Peter van Dijck wrote to tell me about his tool for converting the URL of a Real stream, plus start/stop times, into a link to the specified segment. A while ago, I mentioned Rich Persaud's version of the same idea, which works with Windows Media and QuickTime as well as Real. Using either of these, you can do what I did the other day -- namely, link to a segment within a video stream -- without hacking URLs and wrapper files.

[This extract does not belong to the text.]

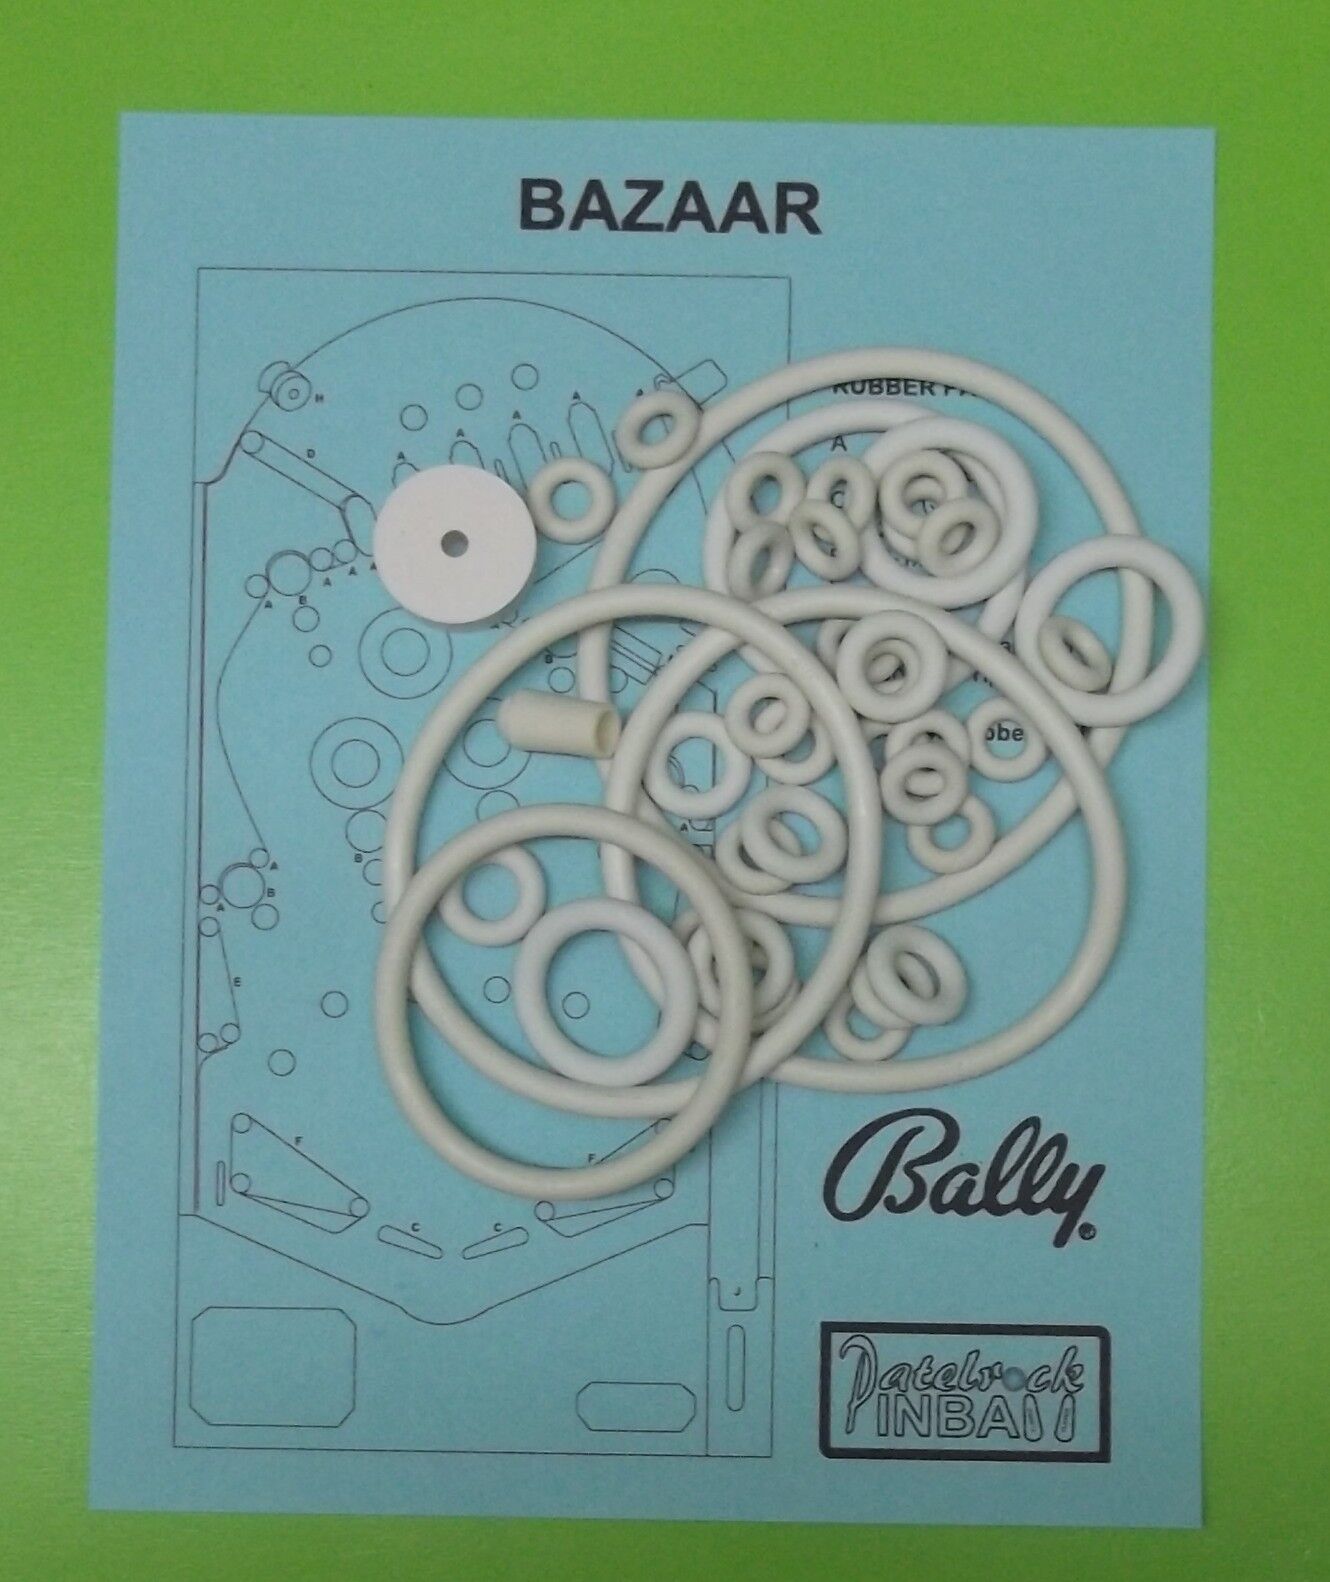 1966 Bally Bazaar pinball rubber ring kit

As helpful as these tools are, I've come to see that the hassles they alleviate are only part of the reason why we're as yet unable to weave video effectively into blog conversations. In the case of yesterday's clip, for example, there's probably a 50-50 chance that my carefully-prepared link actually worked for you. C-SPAN's streaming setup is amazingly robust, but invariably the content that's most likely to attract links occurs at times of peak load. If I really wanted to make sure you could see that 30-second clip, I might have done better to capture it and post a downloadable version.

That, of course, would raise all sorts of questions. First of all, how? It's doable, but not easily and not (to my knowledge) with free tools. Second, in which format? Third, does fair use cover these kinds of quotations? (I think it should, and will be testing that hypothesis.)

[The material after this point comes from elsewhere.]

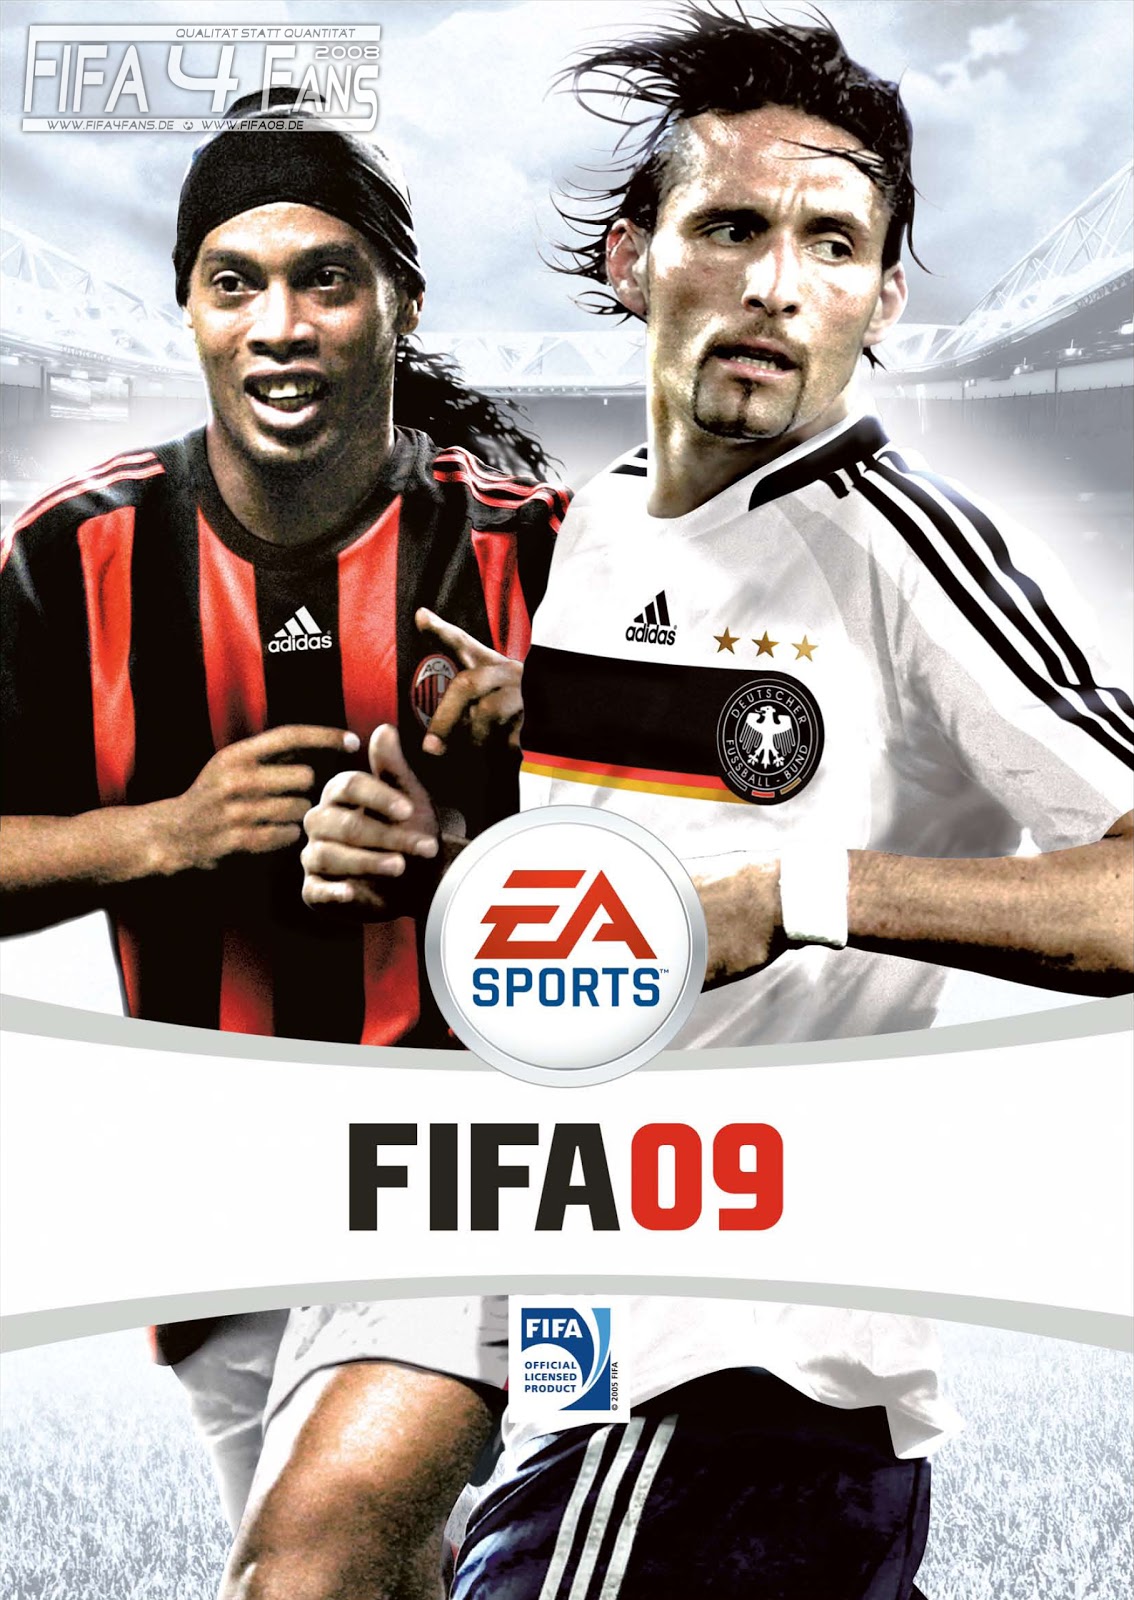 Games Download: FIFA 09 - Download

Despite these issues, the overriding consideration may be that streams require specialized servers, whereas downloadable clips (which nowadays play progressively) do not. Downloadable clips are, of course, inherently link-addressable, and since they're short, it's not imperative to be able to point to locations within them.

What we're left with, though, is an asymmetry. Big media organizations, for now, still have the advantage over small independents, because the big organizations are more able to deploy and manage streaming infrastructure. Bloggers can link into those streams, and/or capture and post quotes from them, but can't yet easily produce streams. What we can do easily is produce short downloadable clips.

All this could change, of course, if a hypothetical video-oriented version of were to emerge. For $X per month, I'd be able to send streams from my iSight camera to this hypothetical service, which would support X concurrent viewers of the stream. Hmm.